NOAA is providing essential support to the Volvo Ocean Race
, an eight-month around-the-world sailing race covering 32,500 nautical miles through four oceans, including port stops in nine countries. NOAA is helping to ensure safe navigation services for the racers and is providing education materials to teachers via the internet.
The racers stopped in Baltimore and Annapolis from April 17 through the race restart on May 7.

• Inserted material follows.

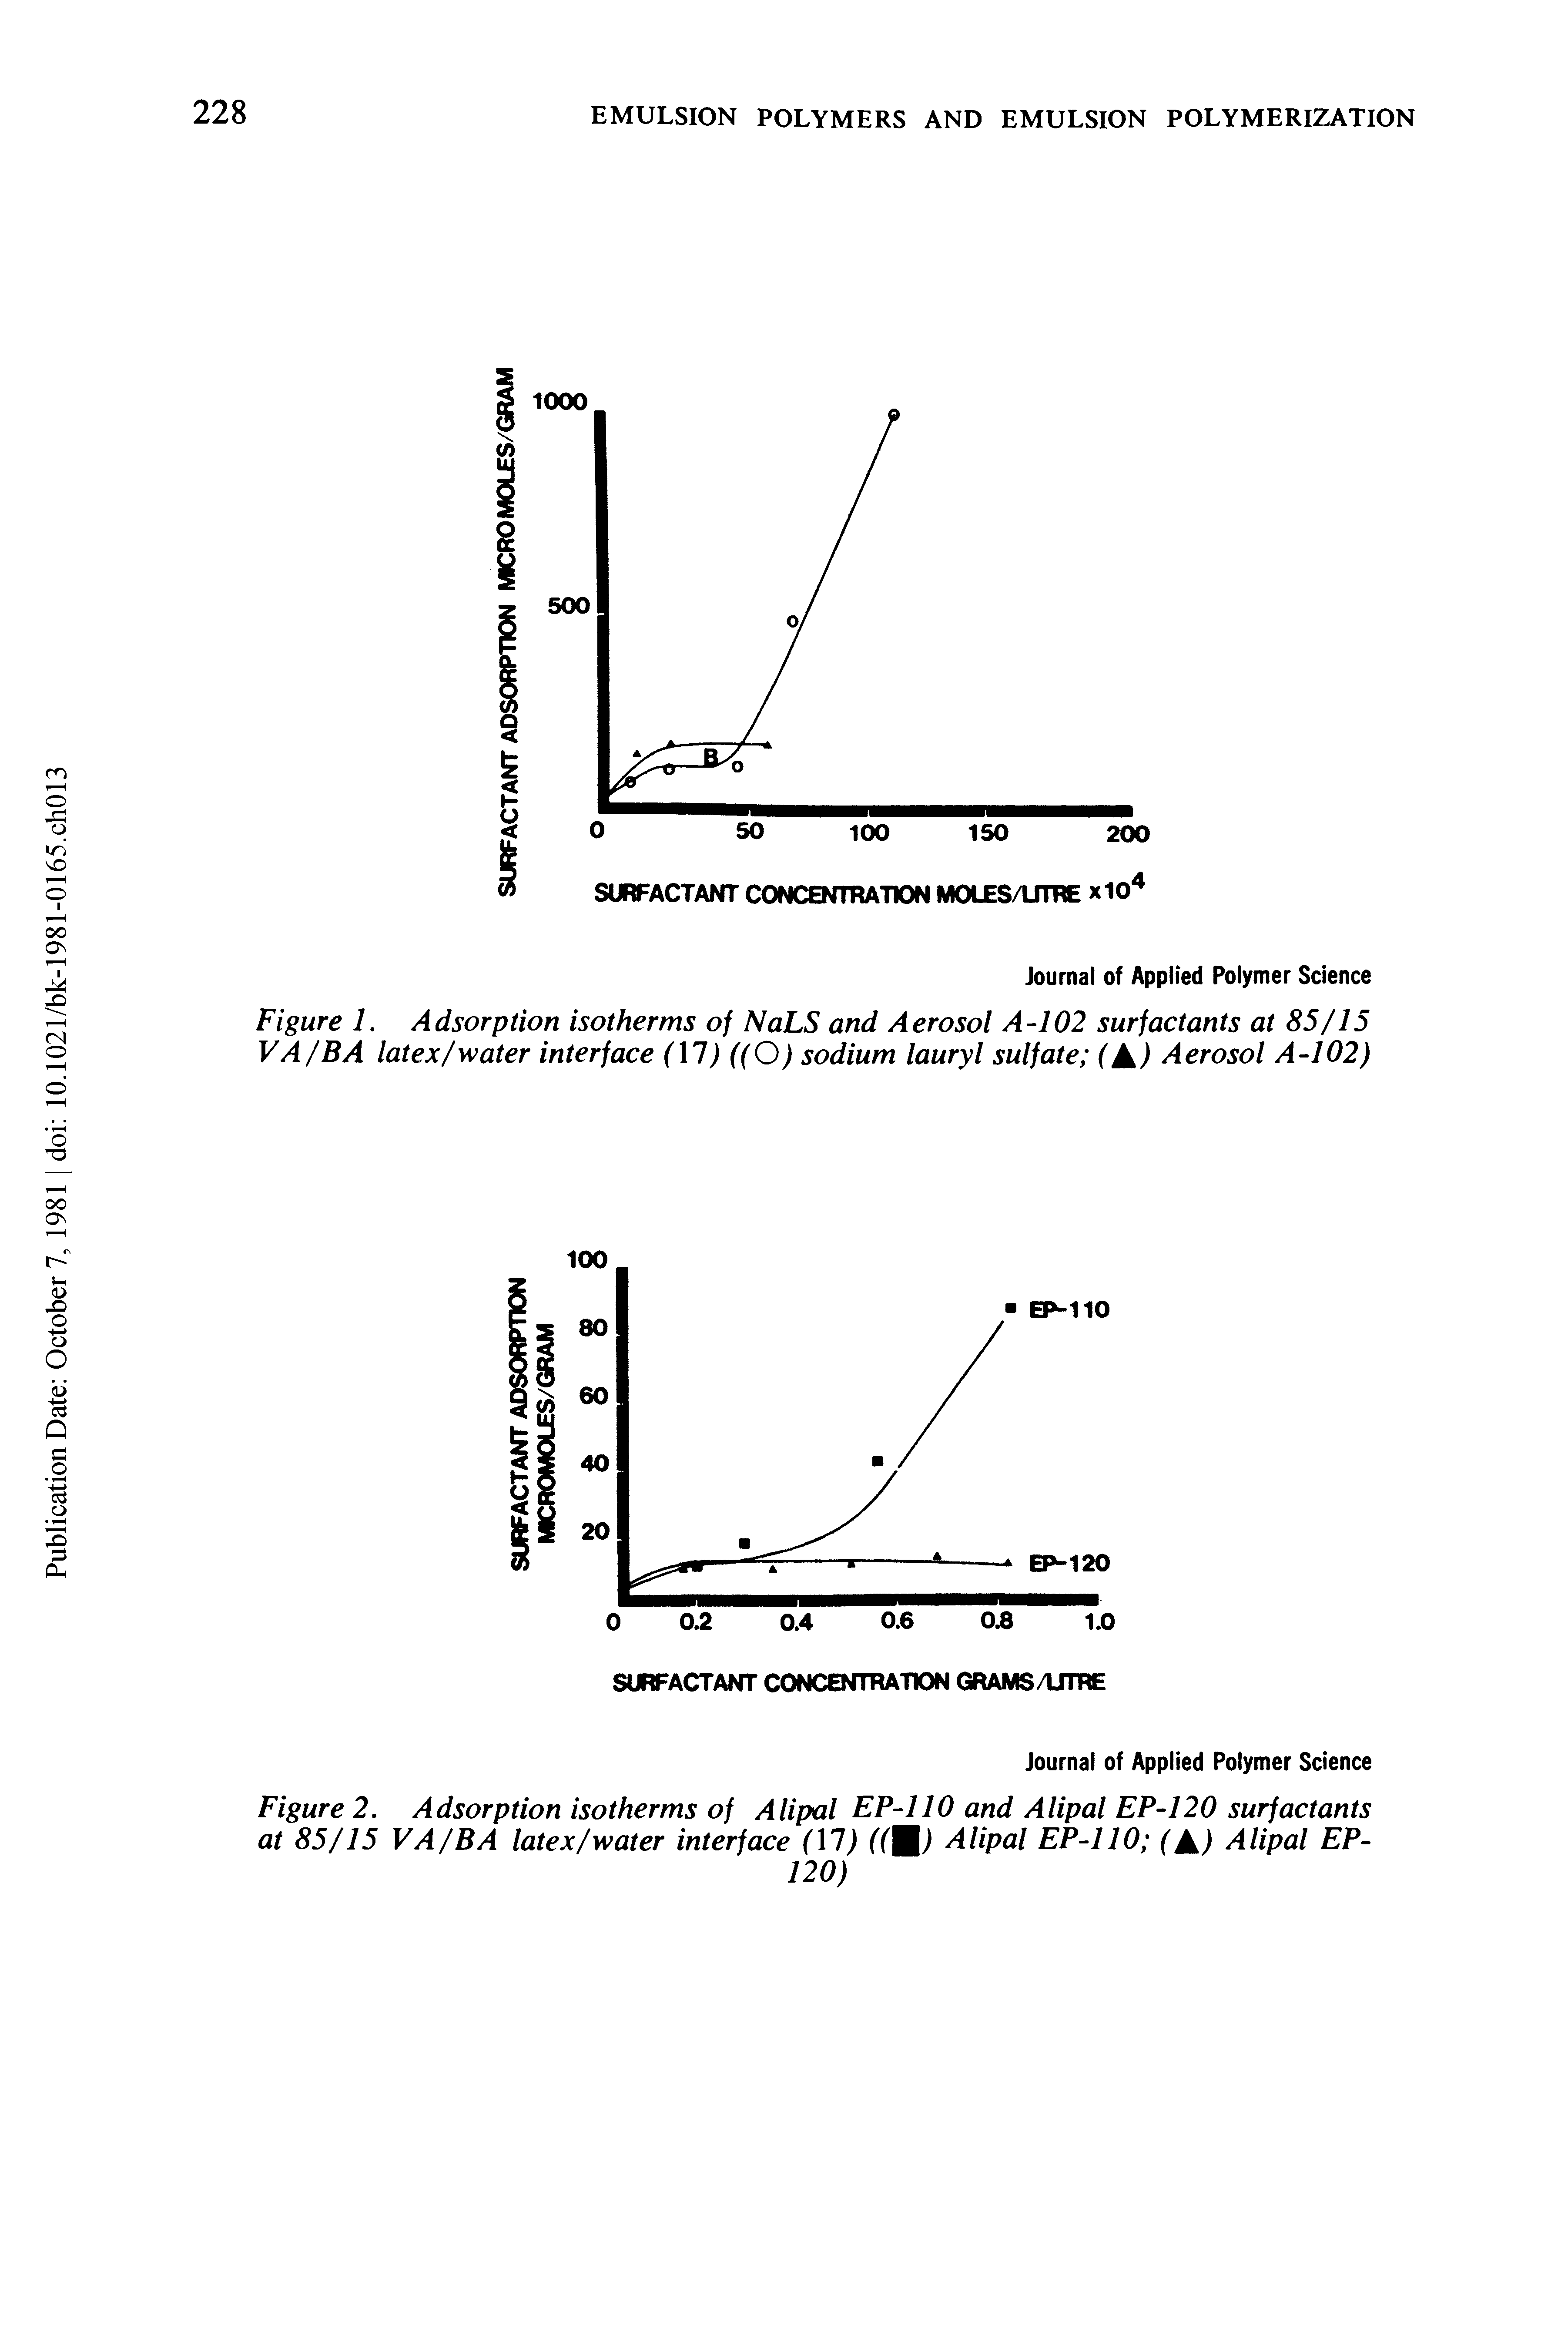 Figure 1. Adsorption isotherms of NaLS and Aerosol A-102 surfactants at 85/15 VA /BA latex /water interface (17) ((O) sodium lauryl sulfate (A) Aerosol A-102)...

NOAA services are essential to the safety of the Volvo racers. NOAA models provide near real-time data on sea surface currents, sea surface temperature, surface winds, and wave height and direction. Volvo’s race meteorologists use NOAA graphics for every leg of the race so they can provide accurate forecasts to the racers. The racers use NOAA nautical charts. NOAA is also helping racers avoid whale strikes by monitoring endangered north Atlantic right whale sightings along the Atlantic Coast
to New York, and from New York to Portsmouth, England. SARSAT, an instrument package flown aboard NOAA environmental satellites, also is ready to provide life-saving capability to the racers. Each crew is carrying an Emergency Position Indicating Radio Beacon (EPIRB). EPIRBs send out identifying information to a NOAA-operated control center in Suitland, Maryland, so that, in the event of an accident, recovery of the racers is swift.
With a big boost from NOAA, landlubbers also can engage in the race. An interactive, online ocean science program,
developed in partnership with the NOAA Chesapeake Bay Office, teaches about NOAA-related sciences.